"The old legends of America belong quite as much to the blue-eyed little patriot as to the black-haired aborigine. And when they are grown tall like the wise grown-ups may they not lack interest in a further study of Indian folklore, a study which so strongly suggests our near kinship with the rest of humanity and points a steady finger toward the great brotherhood of mankind, and by which one is so forcibly impressed with the possible earnestness of life as seen through the teepee door! If it be true that much lies "in the eye of the beholder," then in the American aborigine as in any other race, sincerity of belief, though it were based upon mere optical illusion, demands a little respect."

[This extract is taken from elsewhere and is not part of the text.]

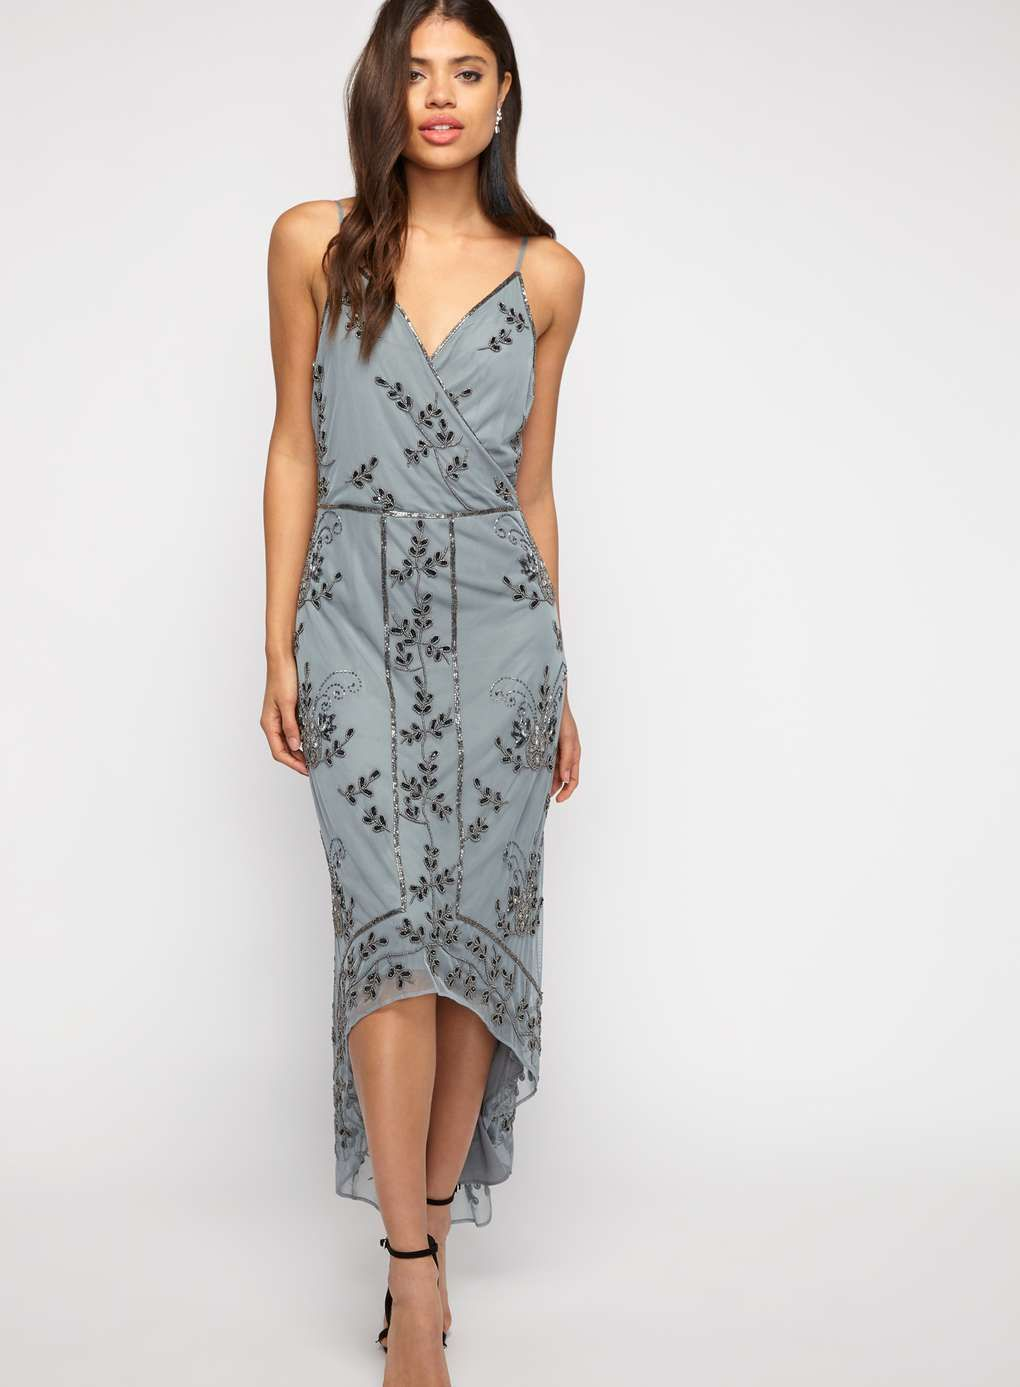 71d45b13d4b2e8 PREMIUM Embellished Wrap Midi Dress - View All - Dress Shop - Miss Selfridge
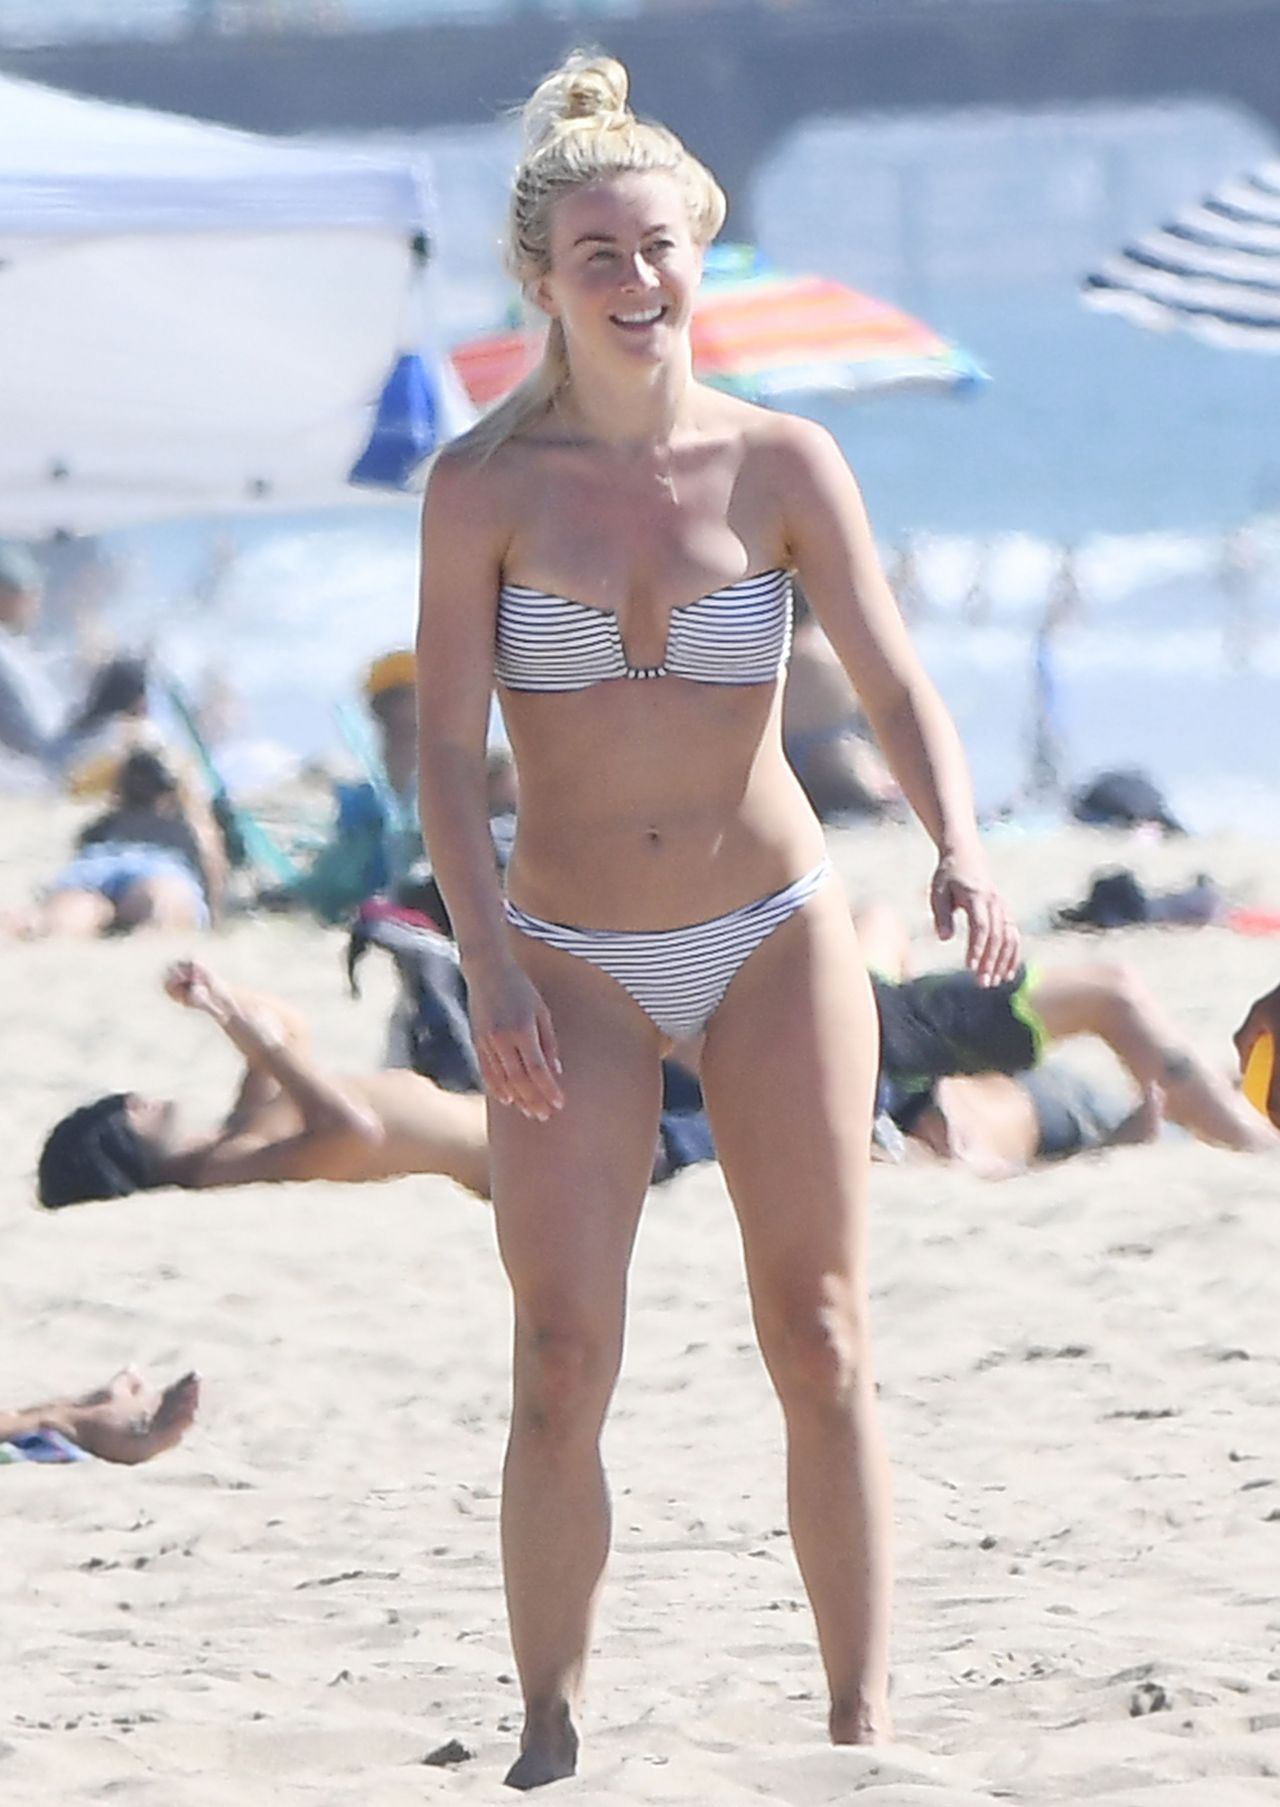 Bikini Julianne Hough naked (12 photos), Tits, Paparazzi, Selfie, underwear 2019

From Old Indian Legends by Zitkala-Sa

Zitkala-Sa [Gertrude Simmons Bonnin] 1876-1938: Zitkala-Sa was born at the Yankton Sioux Agency in South Dakota. Her mother was a full-blood Sioux, while her father seems to have been an Anglo-American. She attended a Quaker mission school for native children in Wabash, Indiana, then completed her studies at Earlham College in Richmond, Indiana. Bonnin was active in Indian rights, at both local and national levels, forming the National Council of American Indians, a major Indian rights organization that kept Native people from diverse regions abreast of legislative concerns and provided them with a centralized focus for a variety of local issues. She published sketches and short stories in several popular magazines and two book-length collections, Old Indian Legends and American Indian Stories, a collection of her fiction and sketches. Bonnin collaborated with William E. Hanson on an Indian opera, Sun Dance, that was selected as the 1937 Opera of the Year by the New York Light Opera Guild.